We haven’t had this issue come up so far – but I think each of us would likely deal with the issue with our parents individually. I know how best to deal with my parents, and he knows best for his.

Post # 10
Member
1020 posts
Bumble bee

we haven’t really had any disagreements with his parents because they are pretty easy going, but they did have concerns over our wedding budget since they will be paying half of it and they are very frugal.

this is what i told my fiancee (actually, i have been brainwashing him with this): “no matter what you say to your parents, even if it’s something they would be pissed upon hearing it, you are still their son, they will soon forget about it and won’t remember it forever. but i’m not their daughter, so even the slighest things might trigger tension, and they’ll forever remember anything i said that displeased them. SO, YOU should be our bridge and convey OUR opinions to your parents in a way that they think the opinion was solely from YOU.”

he understands and even though he’s still not that good at it, but i know he will be 🙂

Post # 11
Member
1080 posts
Bumble bee
  • Wedding: March 2010

TingTing — That is a great way of putting it! The next time my FH parentals start picking that is the motto I will be going with!

Post # 12
Member
14186 posts
Honey Beekeeper
  • Wedding: June 2009

Well, honestly, my Mother-In-Law doesn’t argue with EITHER of us. She stays out of our business because it’s not her place. We don’t make big decisions and include her. But for things like holidays, she is incredibly respectful of the fact that we have MY Parents to include in things. It’s not just HER family and HIS side, she’s very good about this.
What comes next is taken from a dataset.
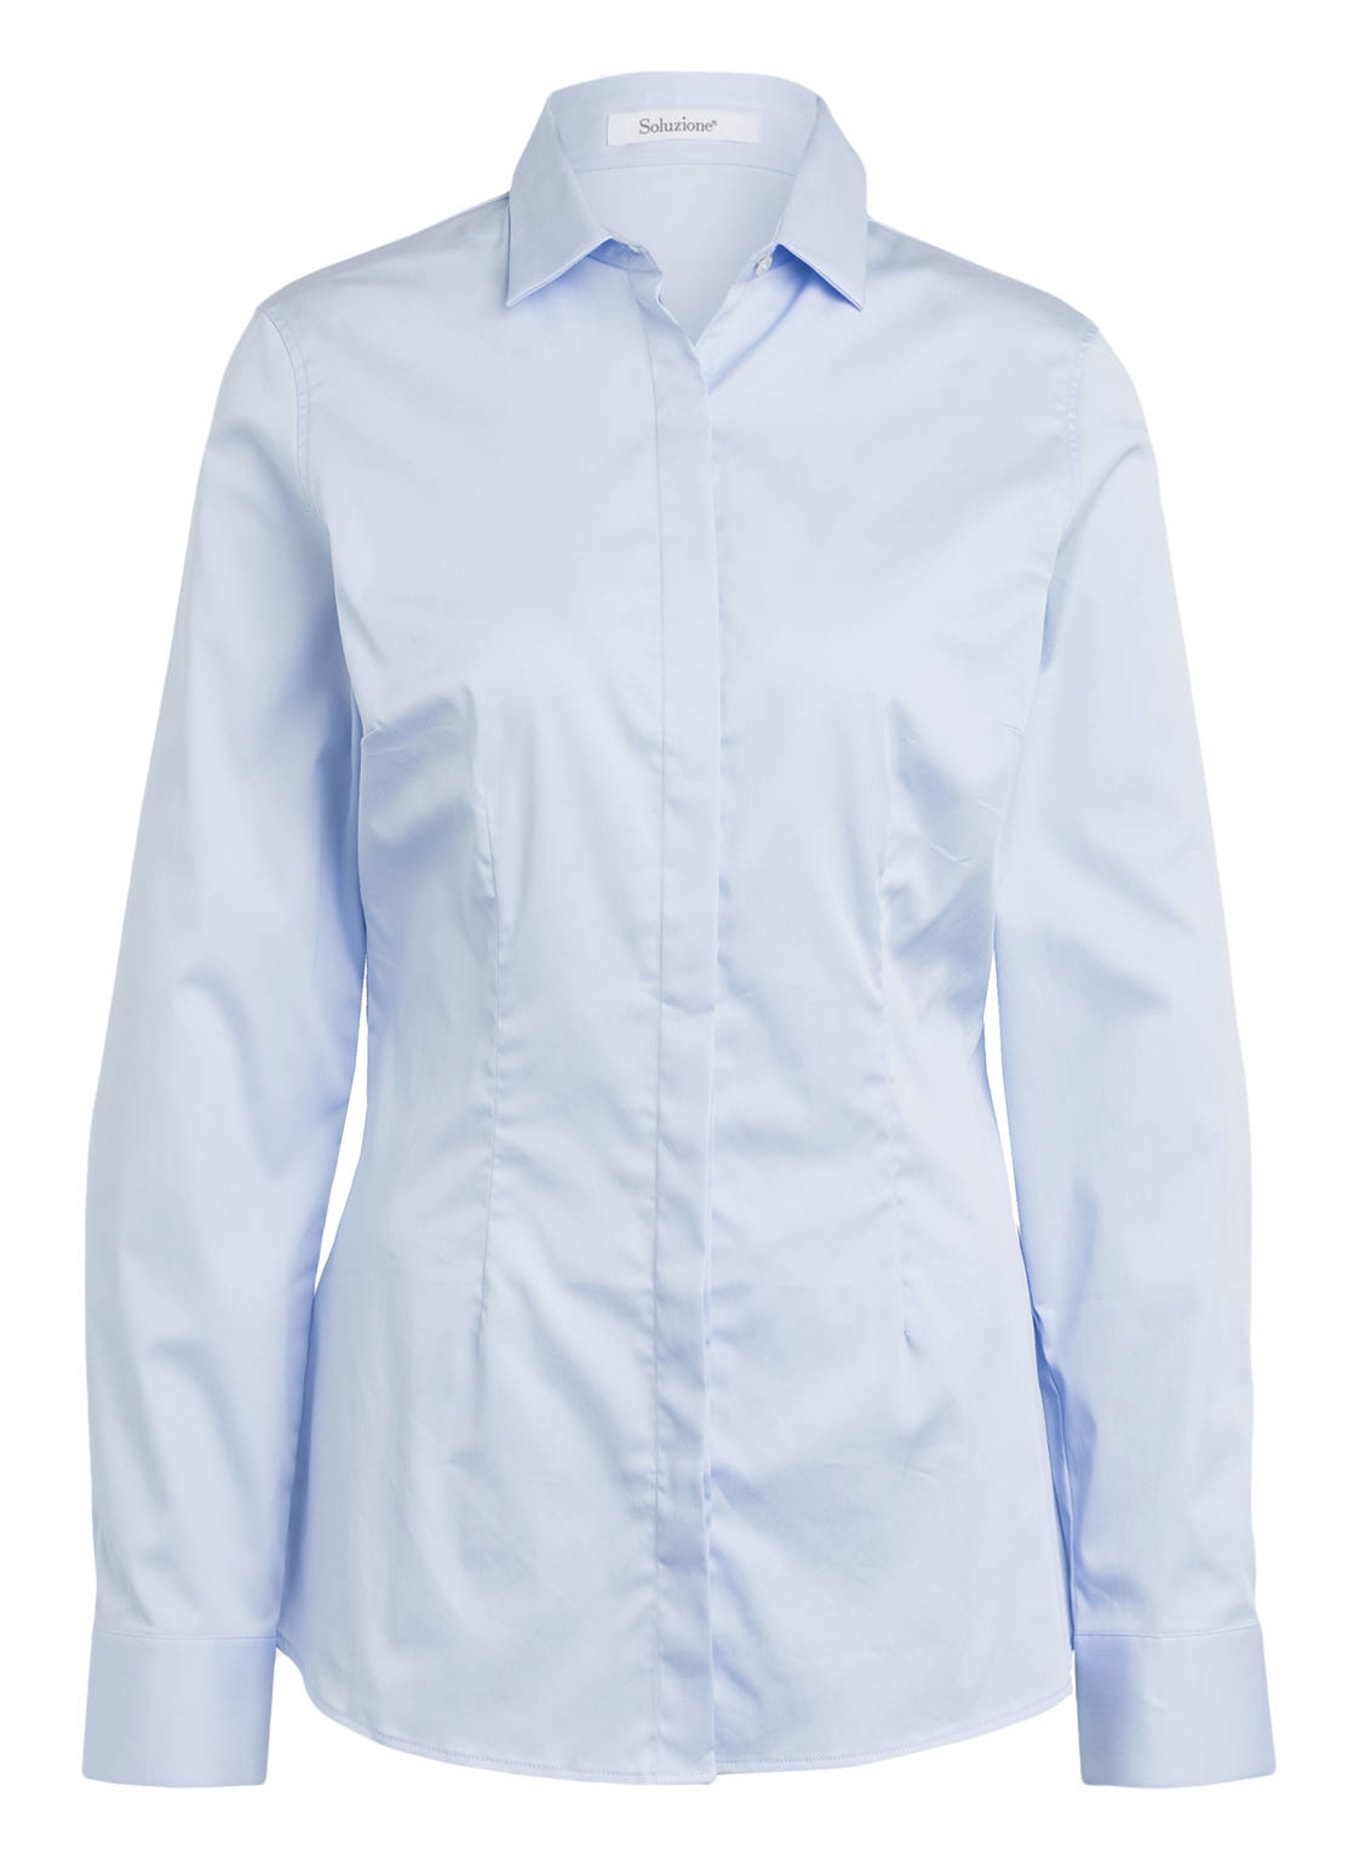 Soluzione Shirt blouse, Color: LIGHT BLUE (Image 1)

But no, I wouldn’t participate in an argument with her. It isn’t my place I feel.

And, it helps that both of us feel like our spouse is more important than our parents, so how I feel trumps how she feels about stuff, and vice versa. Even if my parents disagree with what we’re doing, I gently remind them it is OUR decision. And then I sotp telling them stuff =]

He needs to stop telling his mom EVERYTHING you guys talk about or rather, just inform her what’s going on and when she complains, say, “my Fiance and I came to this decision, i’m just letting ya know”. She’s too influential and things are YOUR decisions, not hers.

Post # 13
Member
2344 posts
Buzzing bee
  • Wedding: June 2010

I wouldn’t feel comfortable at this point in our relationship to discuss touchy issues with his parents. Fiance does the dirty work on that! Recently, we had some disagreement about a wedding issue and its been a little awkward because its been, Fiance and I talk, and then we talk with our respective moms, and then we talk again because our parents changed our minds, and then we go back to them… so I know how it is! 

Post # 14
Member
987 posts
Busy bee
  • Wedding: September 2009

We haven’t really argued with them but he usually relays any decisions/info.  If it’s something he doesn’t know as much about he’ll ask me or put me on the phone to help sort it out.

Post # 15
Member
5273 posts
Bee Keeper
  • Wedding: October 2009

It depends on the situation, mostly the husband handles any issues one on one with them. He just doesn’t want to drag me into it.

Unless its something that really affects me directly (like when Father-In-Law called my parents to blatantly ask them why they weren’t paying for the wedding & inform them that paying for the wedding is the bride’s parents reponsibility!) I then joined my husband to have a conversation about that with his parents….

Post # 16
Member
7366 posts
Busy Beekeeper
  • Wedding: October 2010

They’ve never disagreed with us (or at least didn’t tell us!).

The topic ‘Who participates in arguments with FILs? FI or both of you?’ is closed to new replies.